Distinguir entre moléculas zurdas y diestras (quirales) es crucial en química y ciencias de la vida. y se logra comúnmente usando un método llamado dicroísmo circular. Sin embargo, durante reacciones bioquímicas, el carácter quiral de las moléculas puede cambiar. Los científicos de EPFL ahora han desarrollado un método que utiliza ultracorto, pulsos ultravioleta profundos para sondear con precisión tales cambios en tiempo real en sistemas biomoleculares.

En naturaleza, ciertas moléculas con la misma composición química pueden existir en dos configuraciones espejadas, muy parecido a las manos humanas. Esta propiedad se conoce como "quiralidad, "y las moléculas con diferente quiralidad se denominan enantiómeros. Los enantiómeros pueden exhibir propiedades químicas o biológicas completamente diferentes, y separarlos es un tema importante en el desarrollo de fármacos y en la medicina.

El método comúnmente utilizado para detectar enantiómeros es la espectroscopia de dicroísmo circular (CD). Explota el hecho de que la luz polarizada en una onda circular (como un remolino) es absorbida de manera diferente por enantiómeros zurdos y diestros. La espectroscopia de CD en estado estacionario es una herramienta estructural importante en el análisis (bio) químico.

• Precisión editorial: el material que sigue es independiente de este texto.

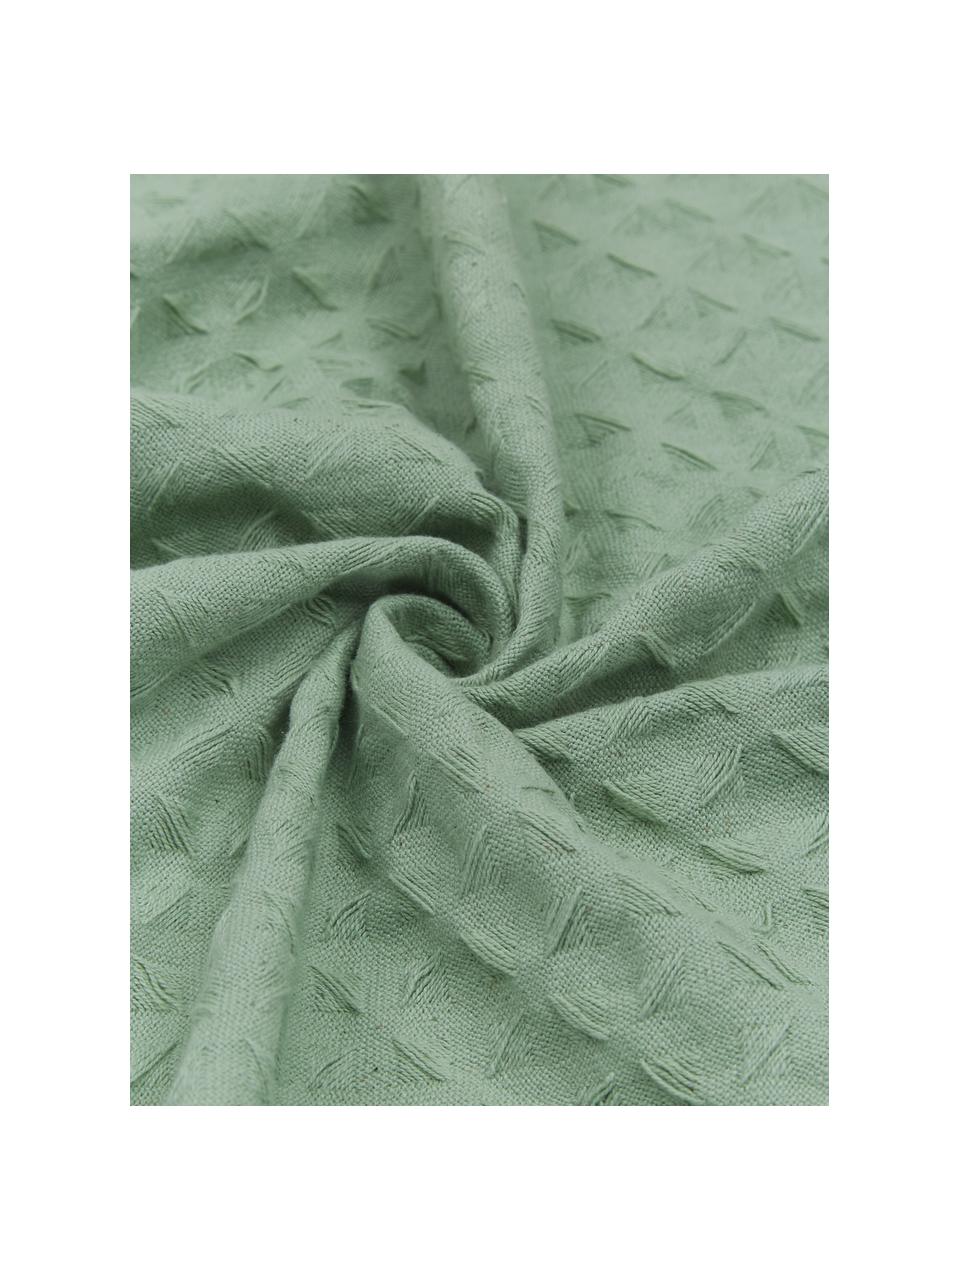 Waffelpiqué-Tagesdecke Panal in Grün, 100% Baumwolle, Grün, B 180 x L 260 cm (für Betten bis 140 x 200 cm)

Mientras funciona, las biomoléculas sufren cambios estructurales que afectan sus propiedades quirales. Sondearlos en tiempo real (es decir, entre un picosegundo y un nanosegundo) proporciona una vista de su función biológica, pero esto ha sido un desafío en el espectro ultravioleta profundo (longitudes de onda por debajo de 300 nm) donde la mayoría de las moléculas biológicamente relevantes, como los aminoácidos, Las hélices de ADN y péptidos absorben la luz.

Las limitaciones se deben a la falta de fuentes adecuadas de luz pulsada y de esquemas de detección sensibles. Pero ahora, El grupo de Majed Chergui del Centro de Ciencia Ultrarrápida de Lausana (EPFL) ha desarrollado una configuración para visualizar la respuesta quiral de (bio) moléculas mediante espectroscopia de CD con una resolución de 0,5 picosegundos.

La configuración utiliza un modulador fotoelástico, que es un dispositivo óptico que puede controlar la polarización de la luz. En este sistema, el modulador permite la conmutación de polarización de disparo a disparo de un tren de pulsos de femtosegundos de 20 kHz en el rango de UV profundo (250-370 nm). Entonces es posible registrar los cambios en la quiralidad de las moléculas con retardos de tiempo variables después de que se exciten con un pulso de láser corto.

"Los residuos de aminoácidos y las bases de ADN absorben la luz por debajo de 300 nm, "dice Malte Oppermann, el primer autor del artículo. "Esta configuración es la primera en cubrir esta región, y lo probamos con éxito en un modelo de sistema molecular. Nuestro próximo objetivo es pasar a biosistemas más grandes, como oligómeros de ADN ".